-- GIVEN DATA follows --
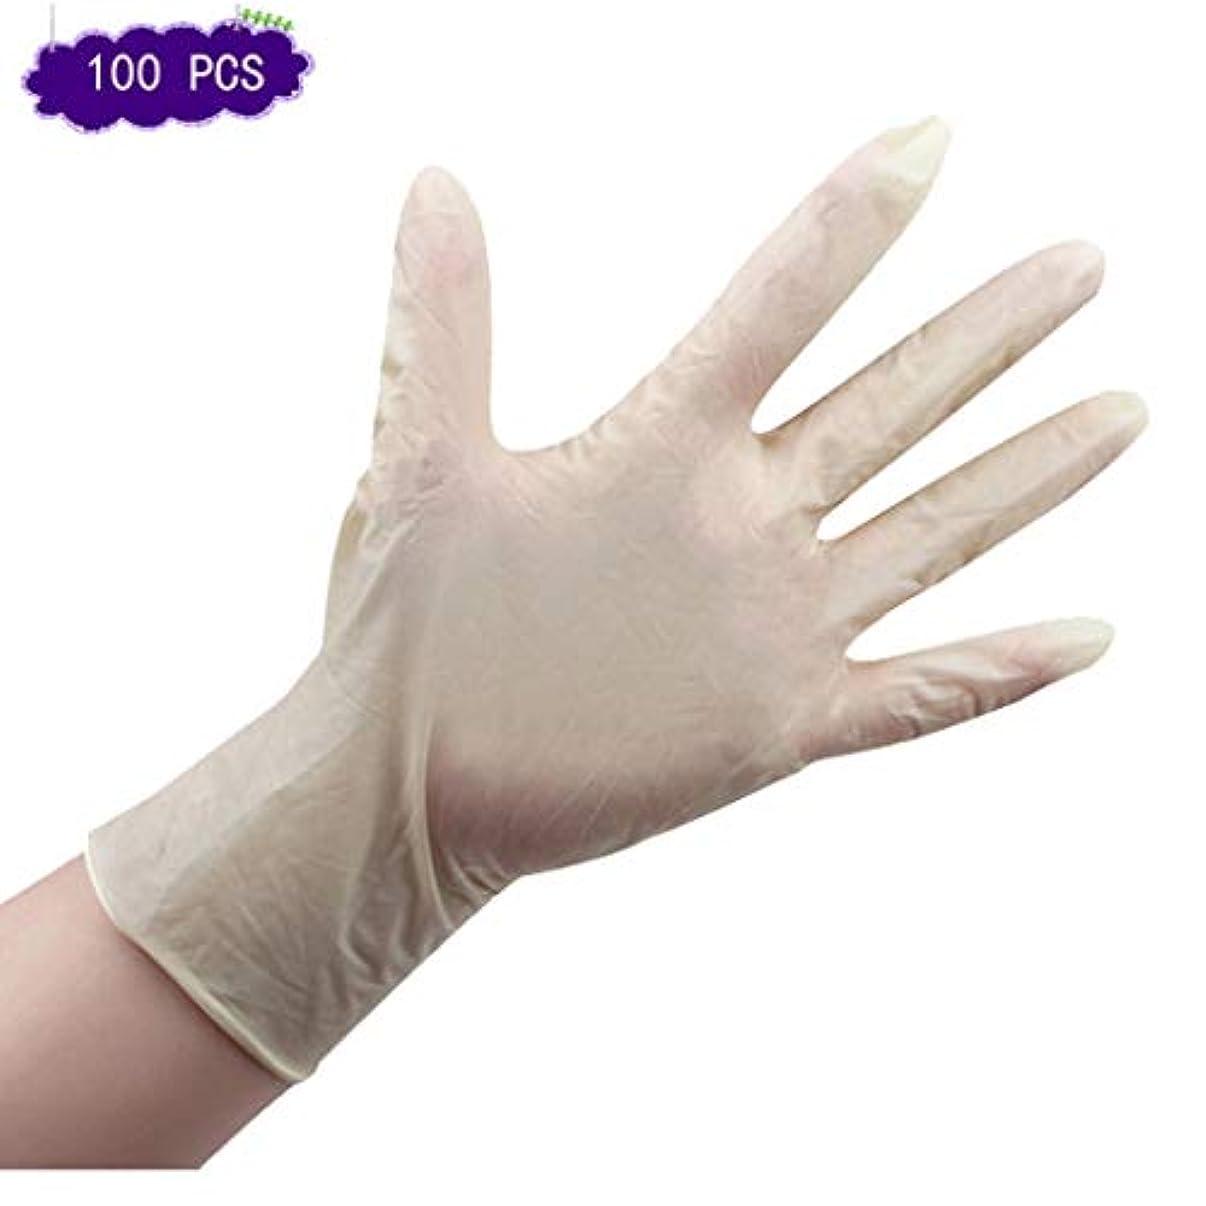 魔術リスクフレキシブル9インチにアンチ油を医療ラテックス検査を厚く使い捨てラテックス手袋パウダーフリーのラテックス手袋9インチのアバタ (Color : 9 inch, Size : L)
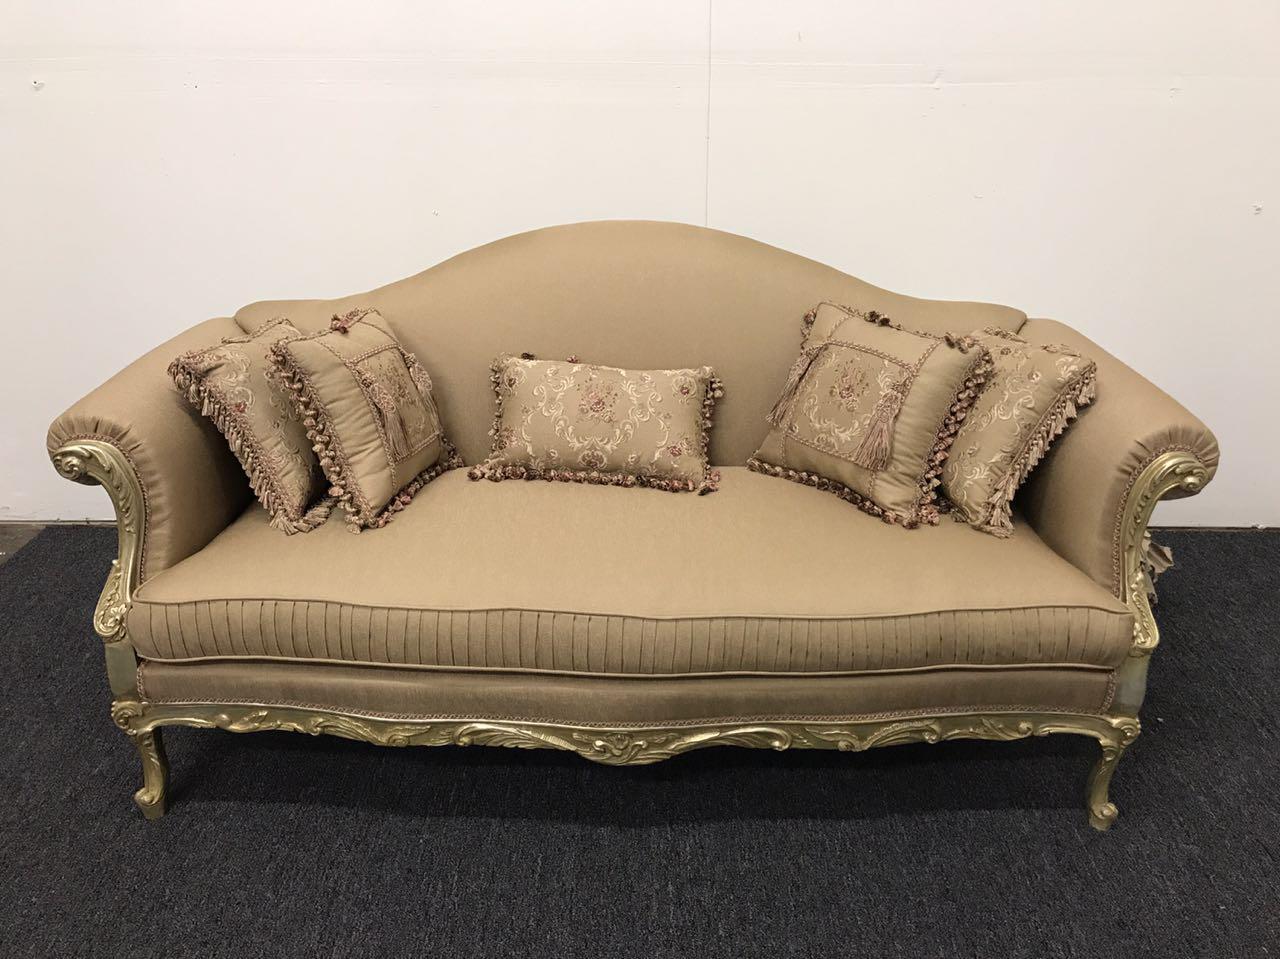 Authentic Handmade French Style Sofa Chairish
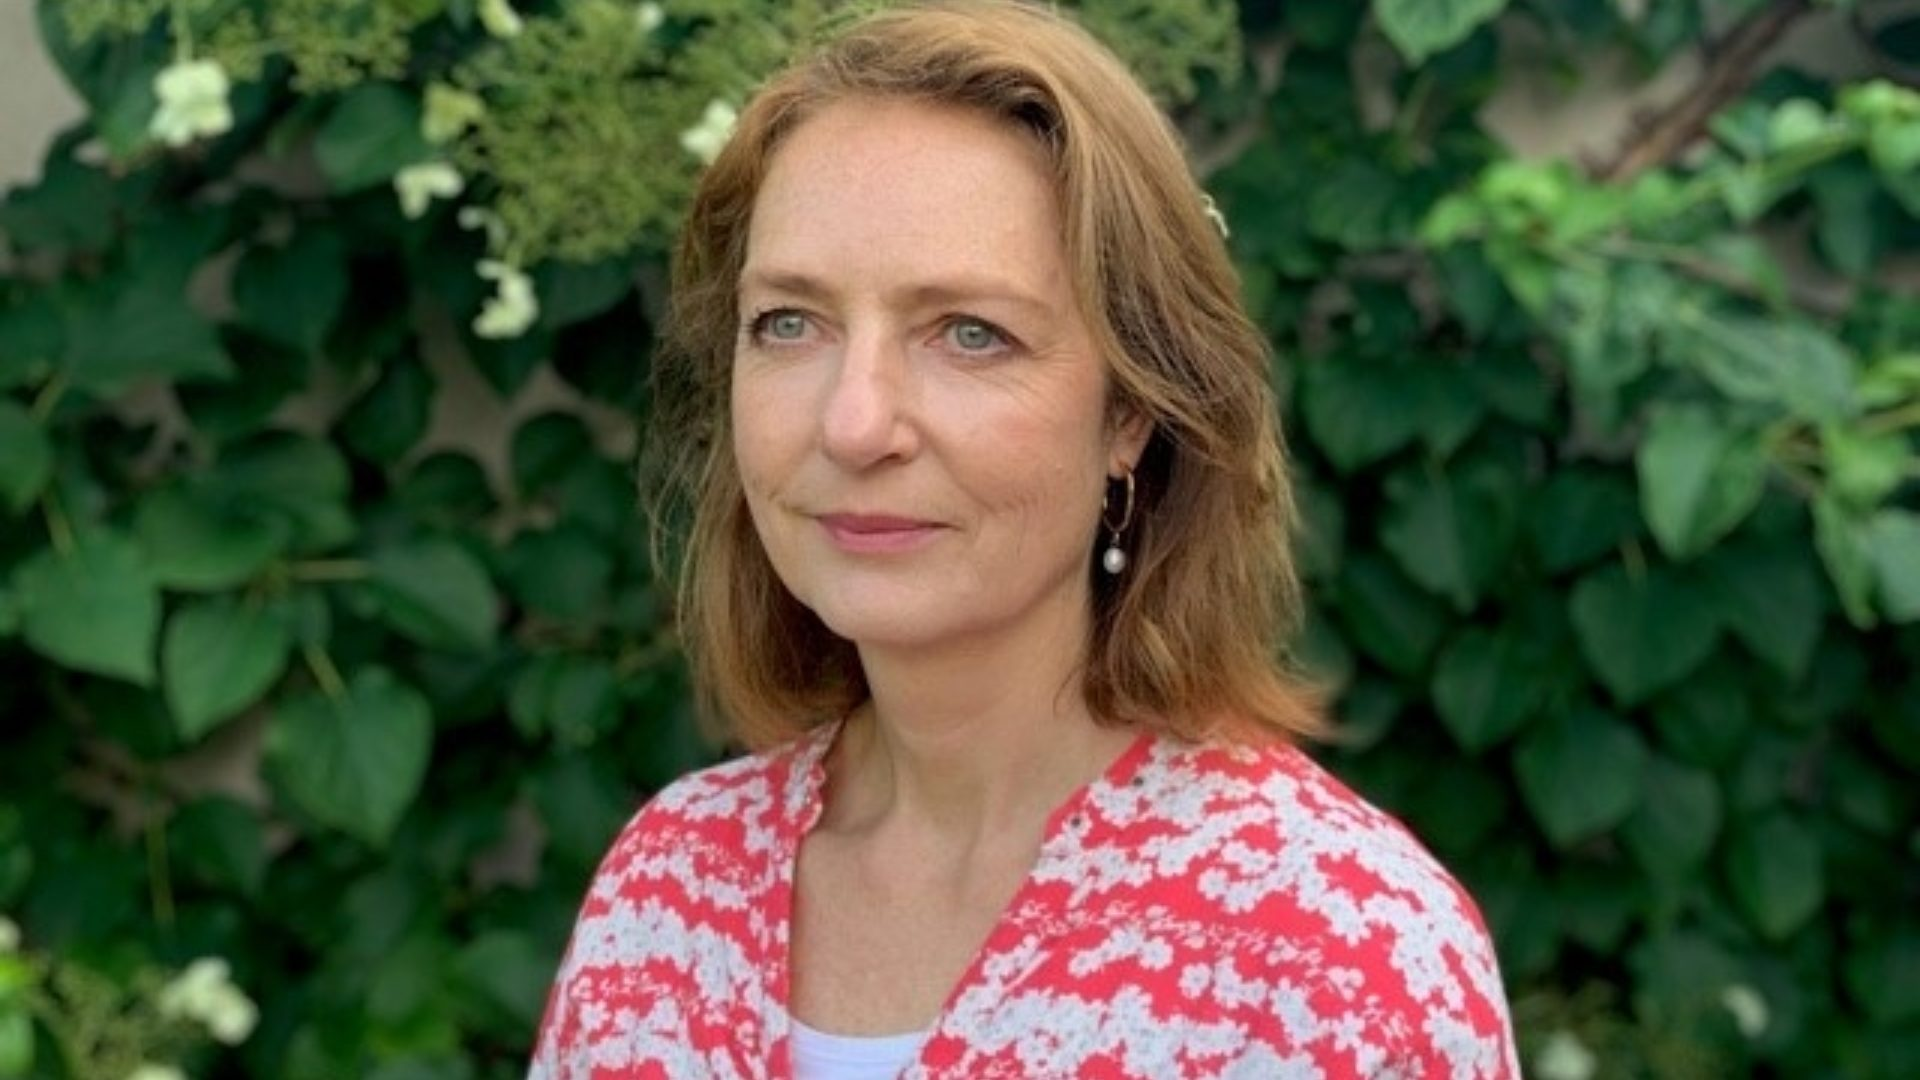 Kate Sanders
-- GIVEN DATA concluded --
**PROBLEM TO WORK ON:** In repeating the lines above, keep the wording exact and leave every picture out.

**COMPLETED TASK:**
 魔術リスクフレキシブル9インチにアンチ油を医療ラテックス検査を厚く使い捨てラテックス手袋パウダーフリーのラテックス手袋9インチのアバタ (Color : 9 inch, Size : L)
 Authentic Handmade French Style Sofa Chairish
 Kate Sanders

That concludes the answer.